Benin: Dozens Killed in Fuel Depot Blast

An explosion erupted at a warehouse for smuggled fuel in southern Benin. Benin’s informal economy is heavily reliant on selling smuggled Nigerian fuel on the black market.

An explosion at what is believed to be an illegal fuel depot in southern Benin, killed at least 35 people and injured several others on Saturday, according to the government.

A Justice Ministry statement shared by local radio station BIP Radio Cotonou, put the death toll at 35, with a child among the dead.

It said a fire broke out at a store, adding that a preliminary investigation suggested it took place as gasoline bags were being unloaded from a vehicle.

The French AFP news agency said the blast occurred at a contraband fuel depot and reported that it happened when commuters of cars, motorbikes and tricycle taxis lined up at the warehouse to stock up on fuel.

The Justice Ministry offered its condolences to the families of those killed and announced an investigation had been launched into the circumstances of the “tragic” incident.

It said it was working with all the parties involved to identify the victims, many of whom were badly charred.

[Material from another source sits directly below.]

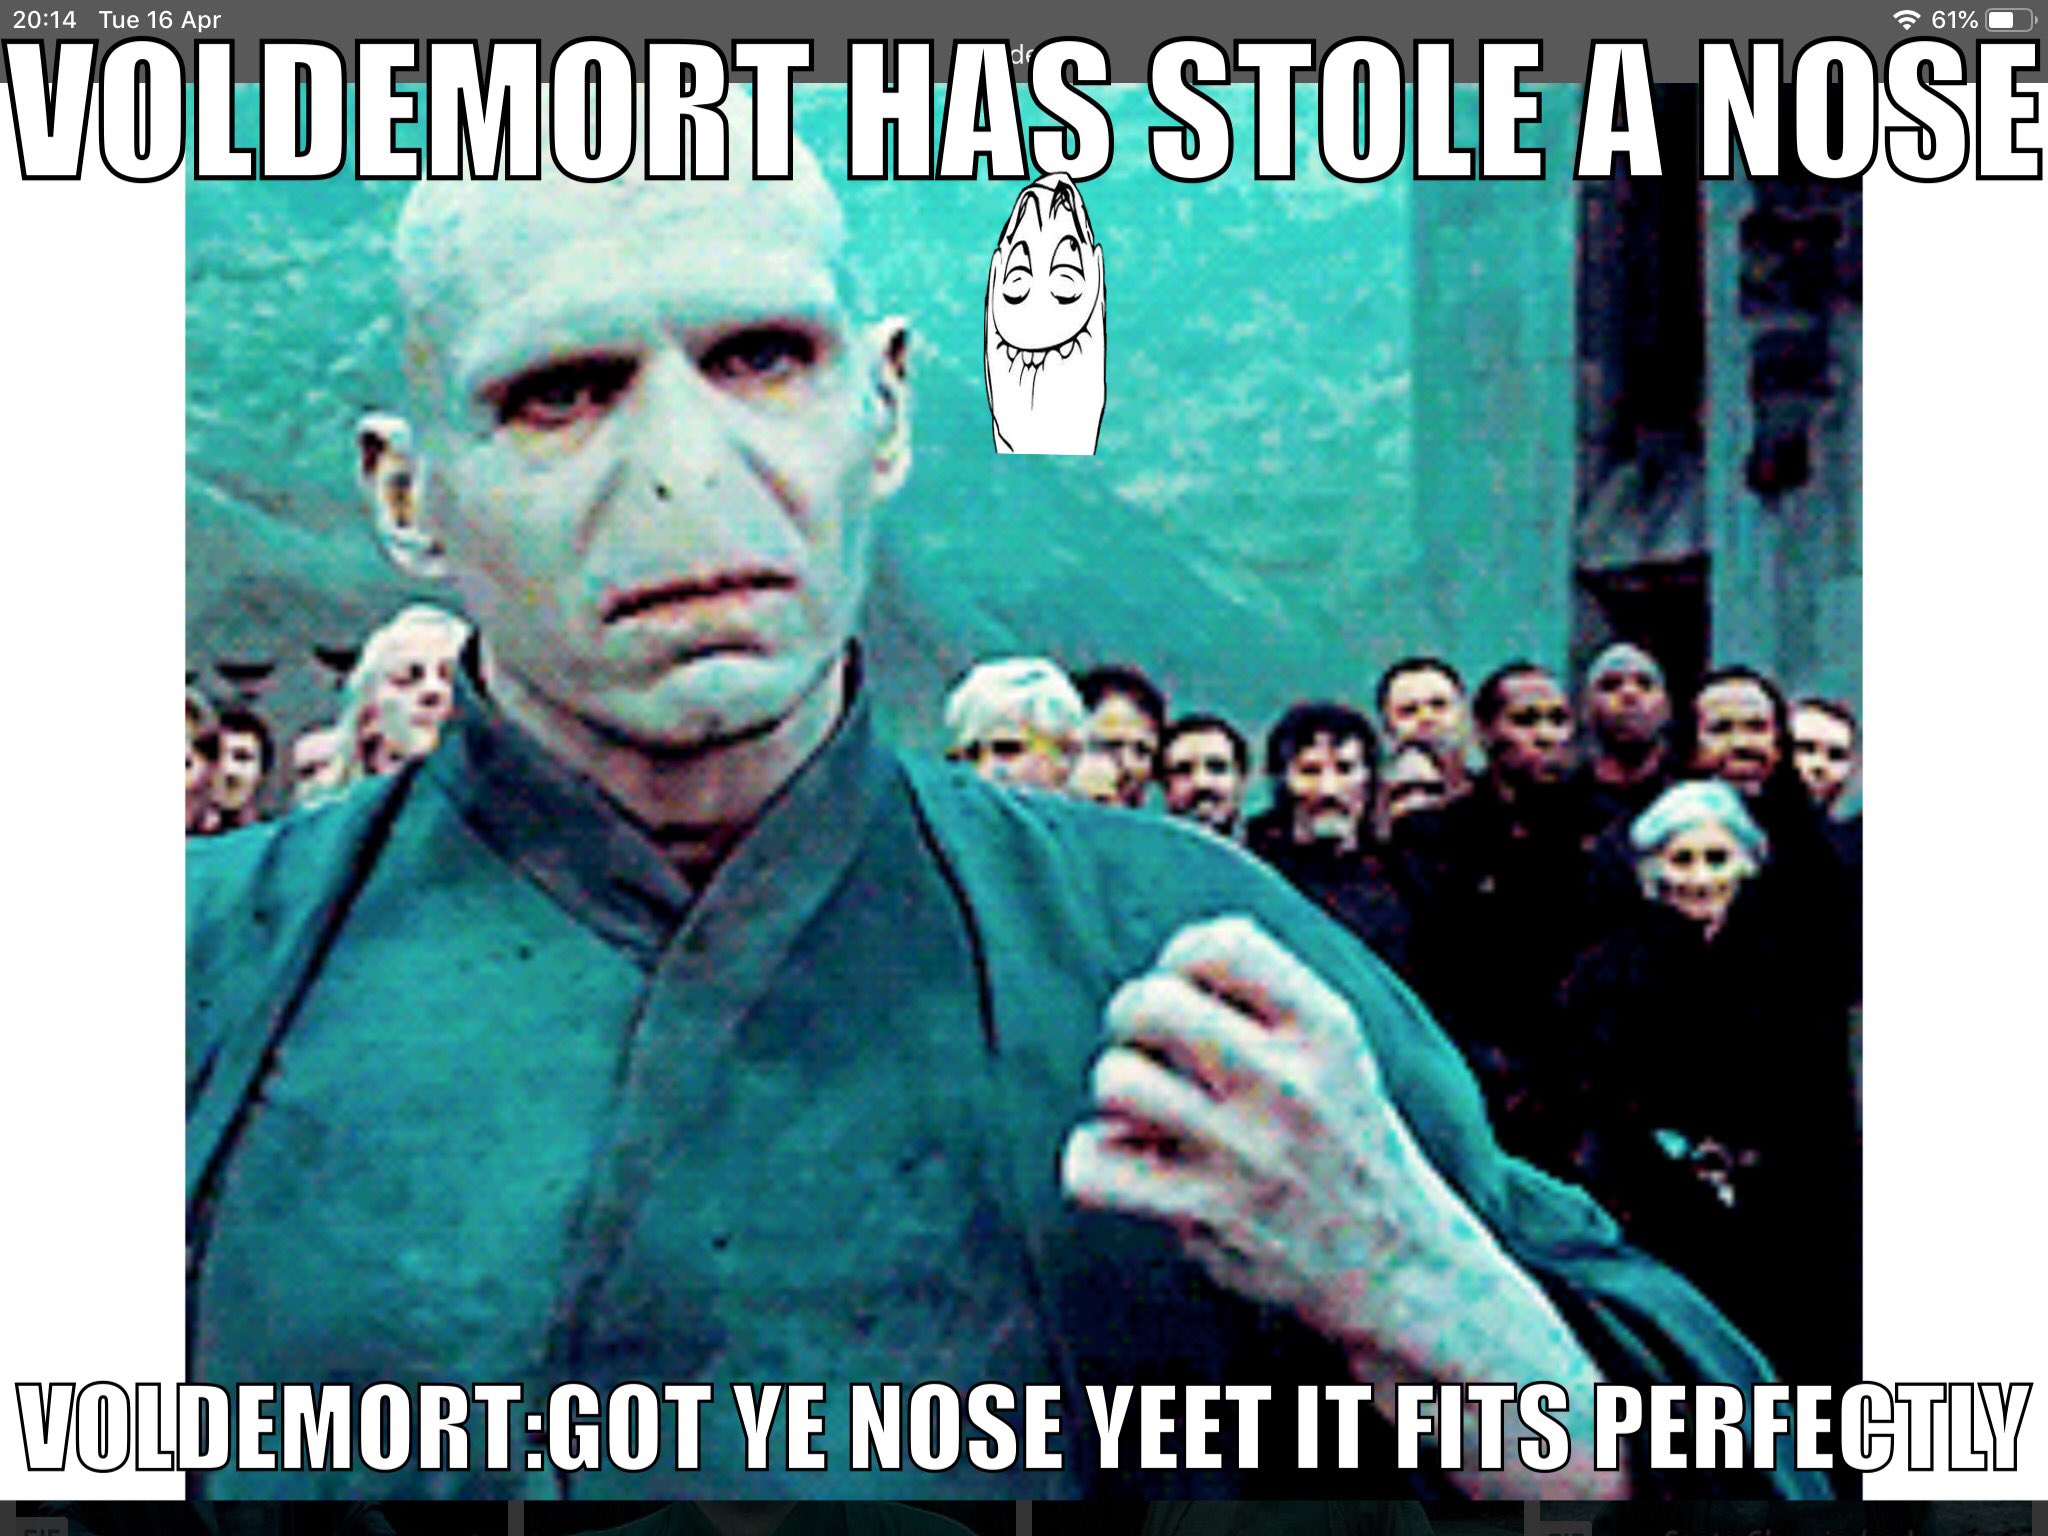 Voldemort nose memes!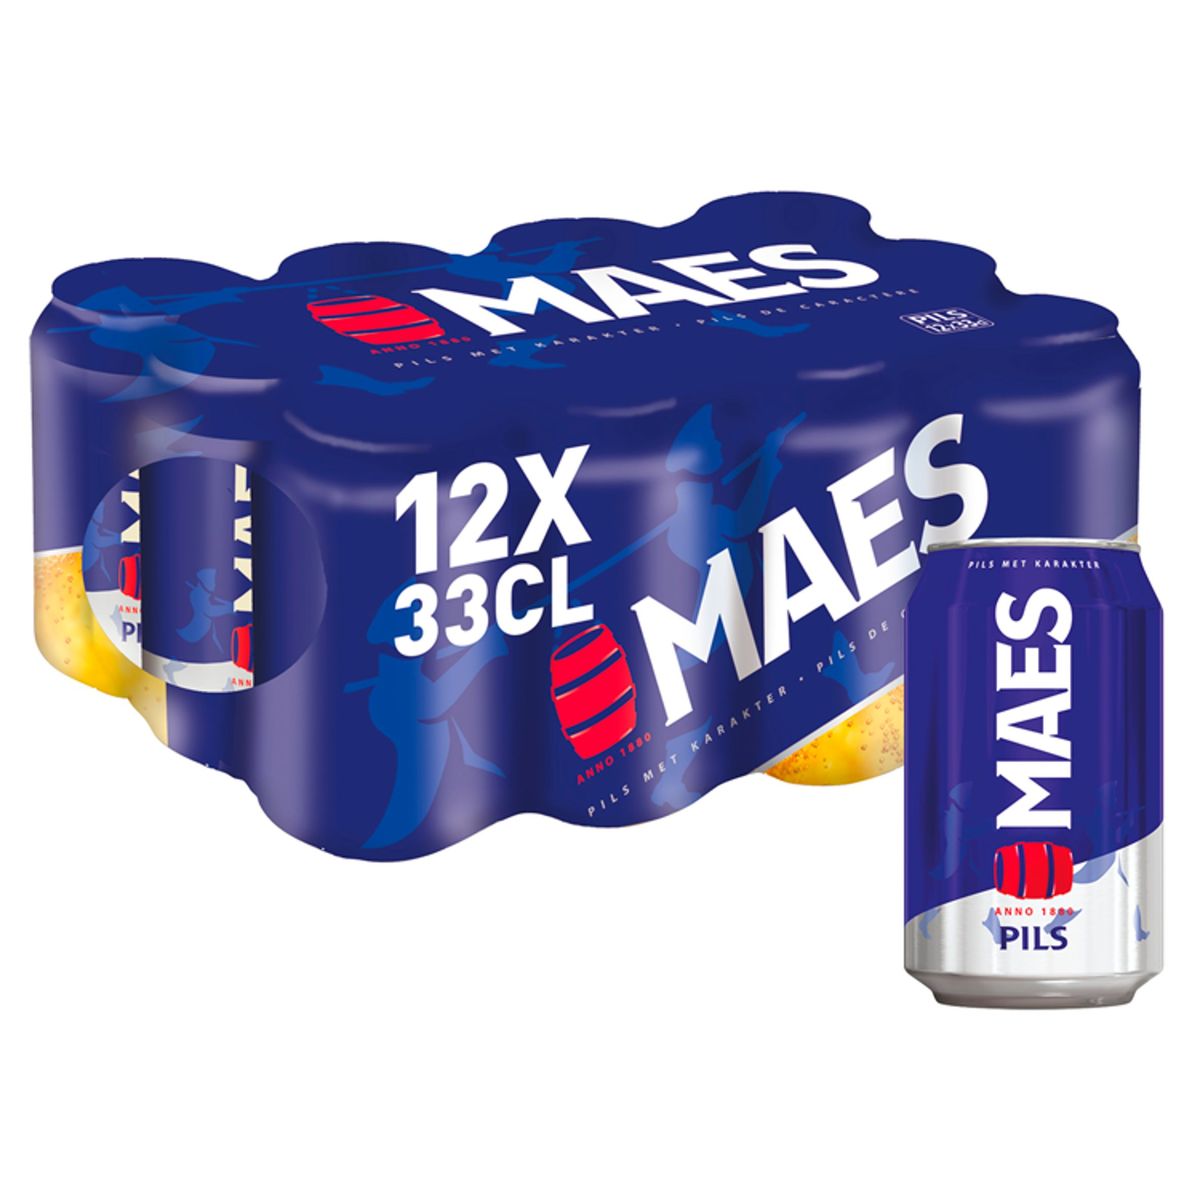 Maes Blond bier Pils 5.2% ALC 12 x 33 cl Blik

Illegal fuel on Benin’s black market

Benin is among the neighboring states of Nigeria and has a substantial fuel black market, with supplies smuggled from Africa’s most populous country.

As a major oil producer, fuel smuggling is common both inside Nigeria and among its neighbors, which hosts illegal refineries, fuel dumps and even pipelines. This is due to subsidies on fuel which make it significantly low-cost.

However, since Nigeria’s President Bola Ahmed Tinubu was elected in May, he has upended that market, by dropping the fuel subsidies and therefore causing the fuel prices to skyrocket.

This has affected several smuggling operations in Benin and other West African countries.